:: Exercise prompt ::
Leaving the pictures aside, write out the whole listing below exactly.

:: Raw data ::
========

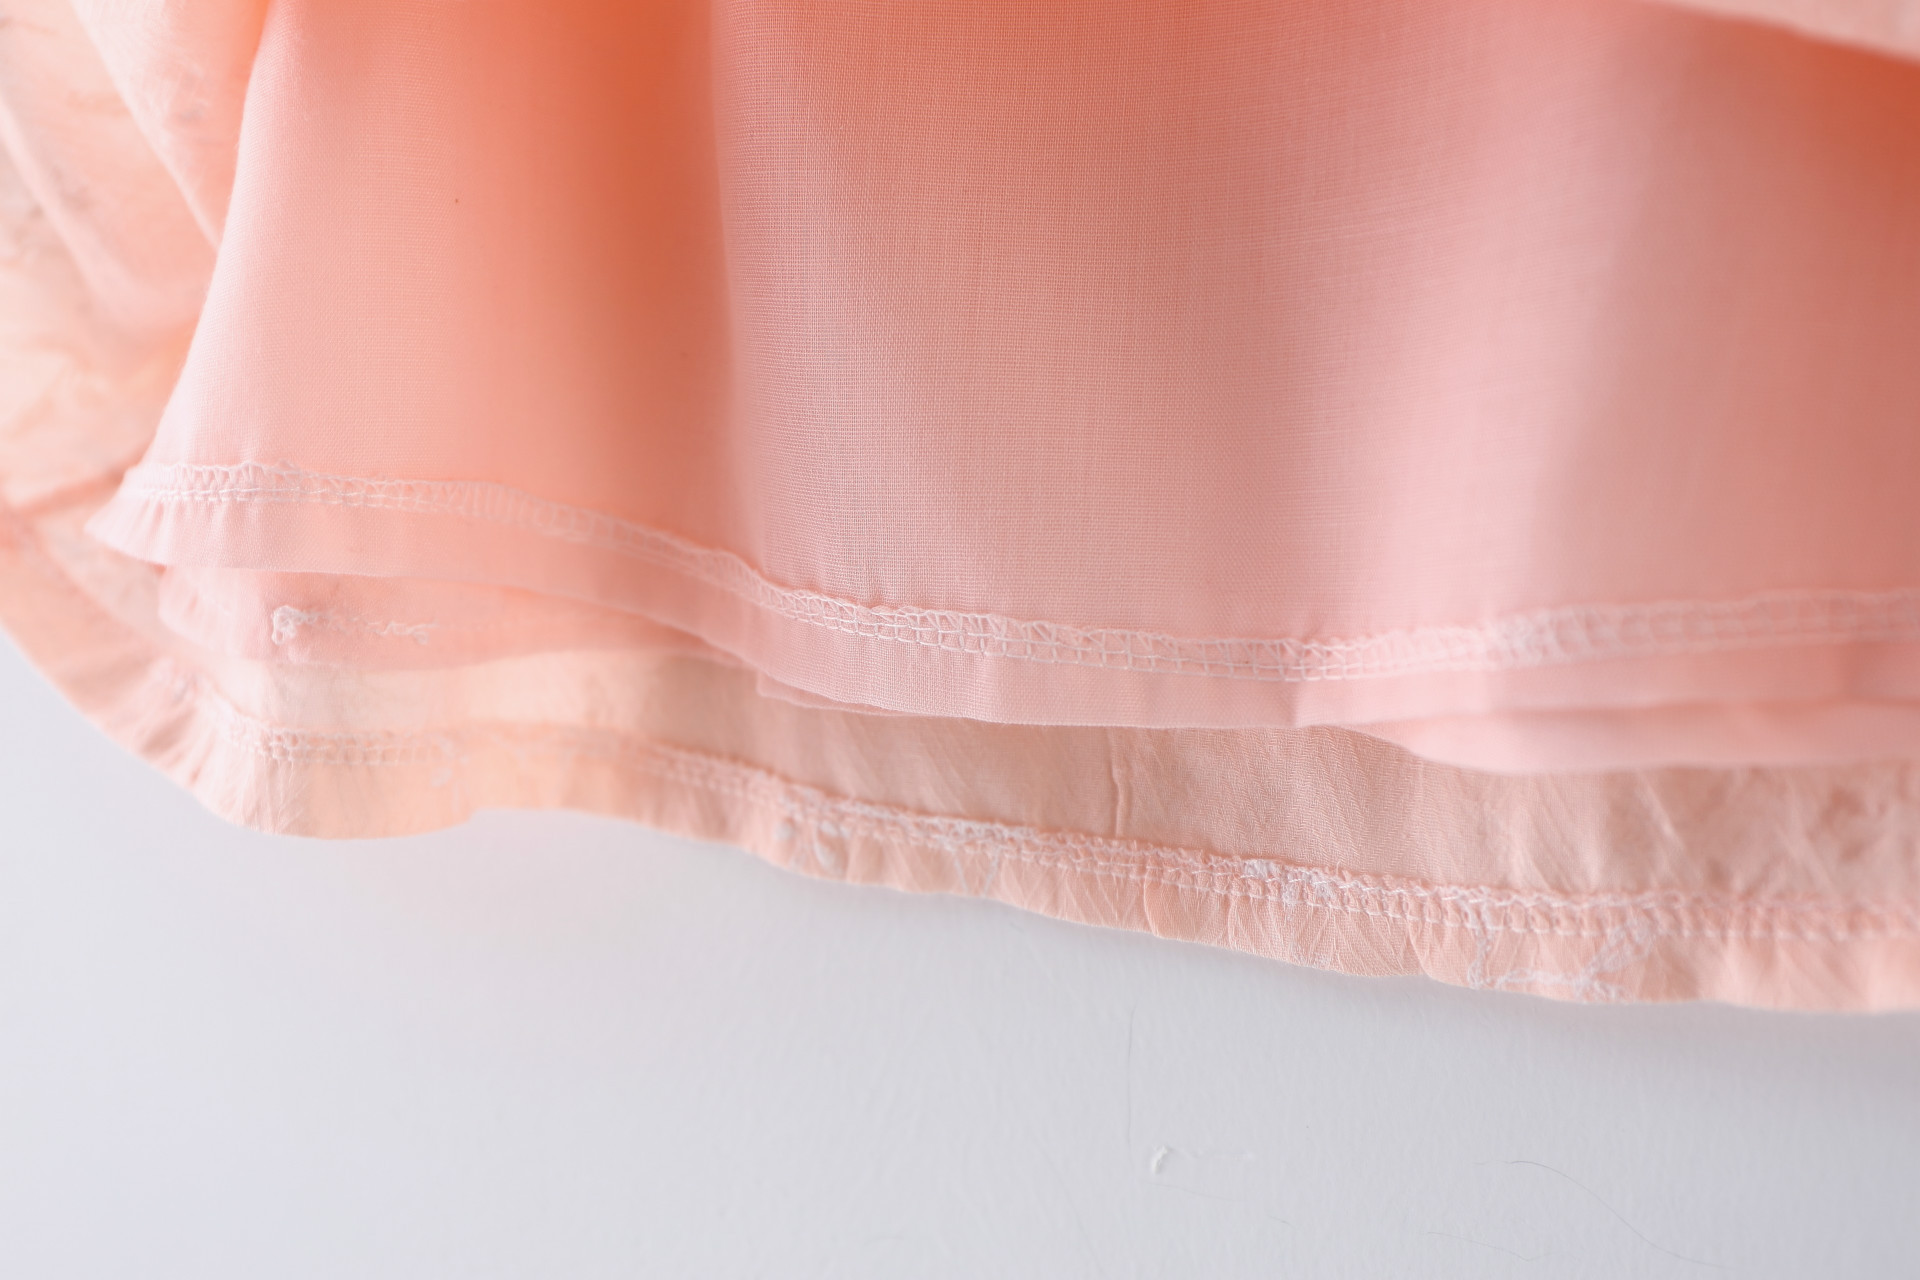 HTB1RZHJkwaTBuNjSszfq6xgfpXa9 - 2018 New Brand Princess Dress Sleeveless Cotton Kids Dresses For Girls Bow Children Toddler Girl Dresses
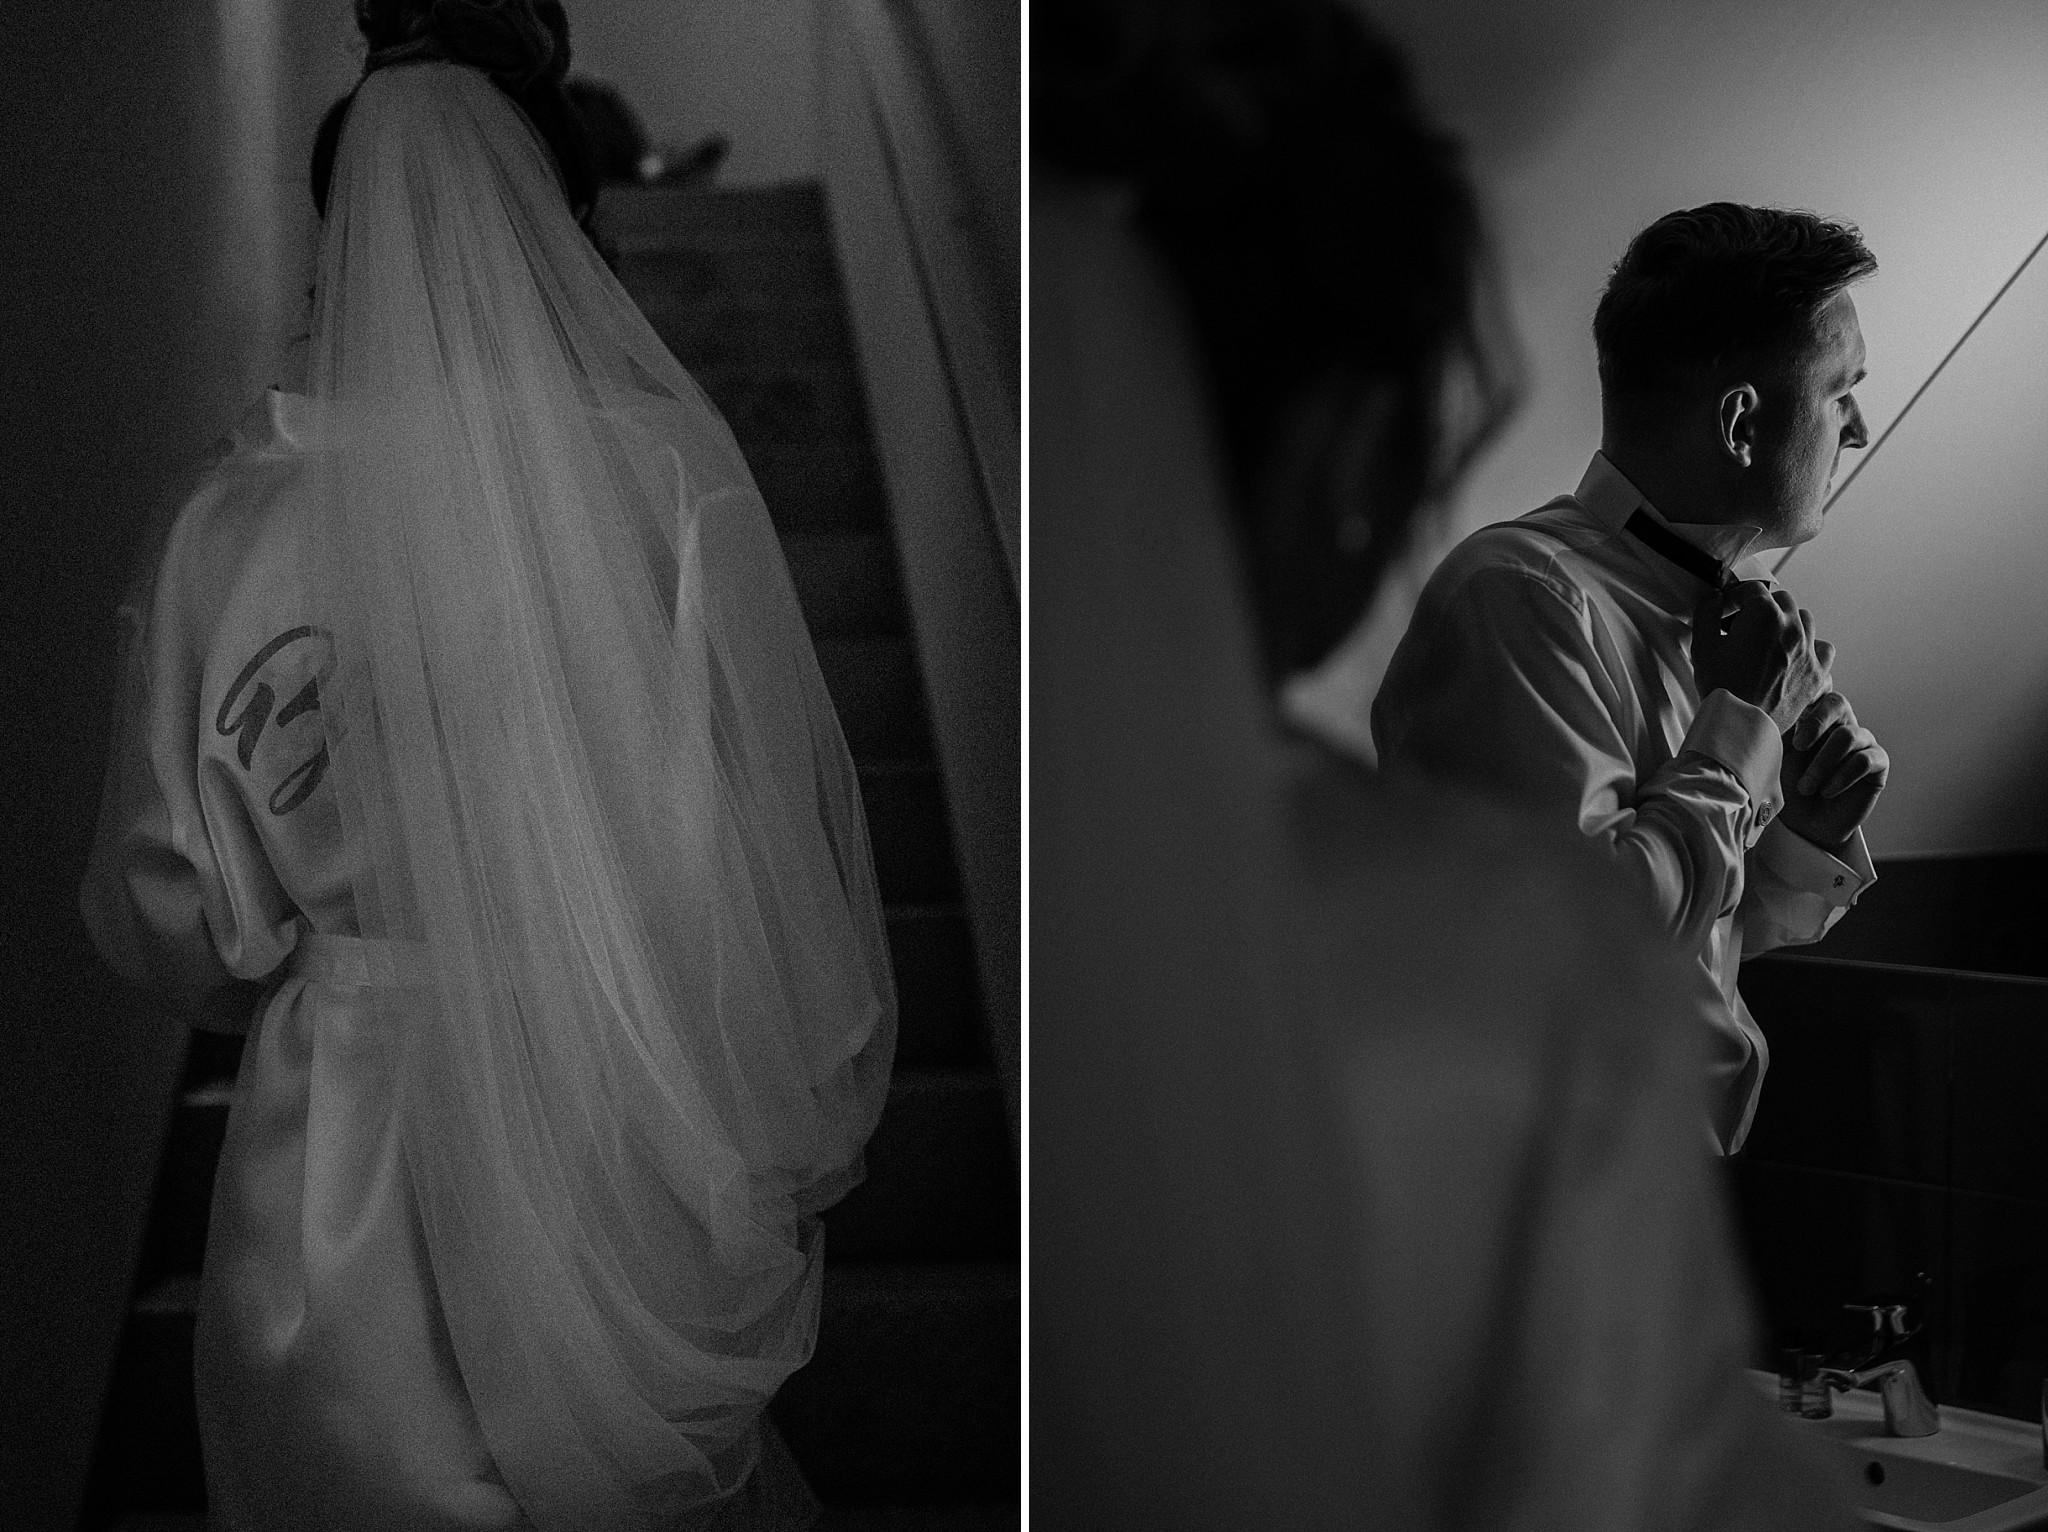 fotograf poznan wesele dobra truskawka piekne wesele pod poznaniem wesele w dobrej truskawce piekna para mloda slub marzen slub koronawirus slub listopad wesele koronawirus 033
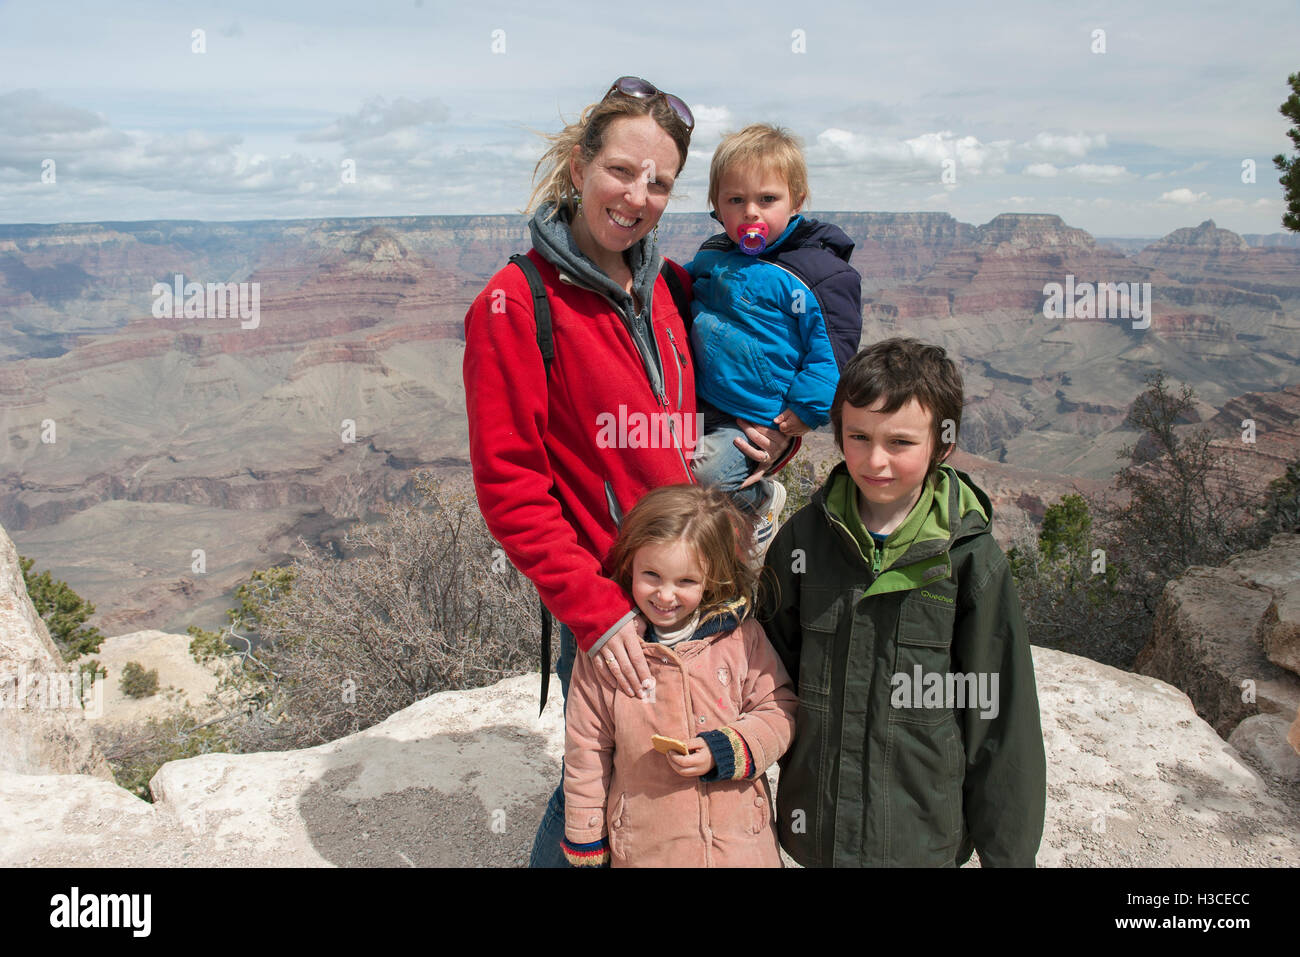 Mutter und Kinder am Grand Canyon in Arizona, USA Stockfoto

========

:: Result for this exercise ::
 HTB1RZHJkwaTBuNjSszfq6xgfpXa9 - 2018 New Brand Princess Dress Sleeveless Cotton Kids Dresses For Girls Bow Children Toddler Girl Dresses
 fotograf poznan wesele dobra truskawka piekne wesele pod poznaniem wesele w dobrej truskawce piekna para mloda slub marzen slub koronawirus slub listopad wesele koronawirus 033
 Mutter und Kinder am Grand Canyon in Arizona, USA Stockfoto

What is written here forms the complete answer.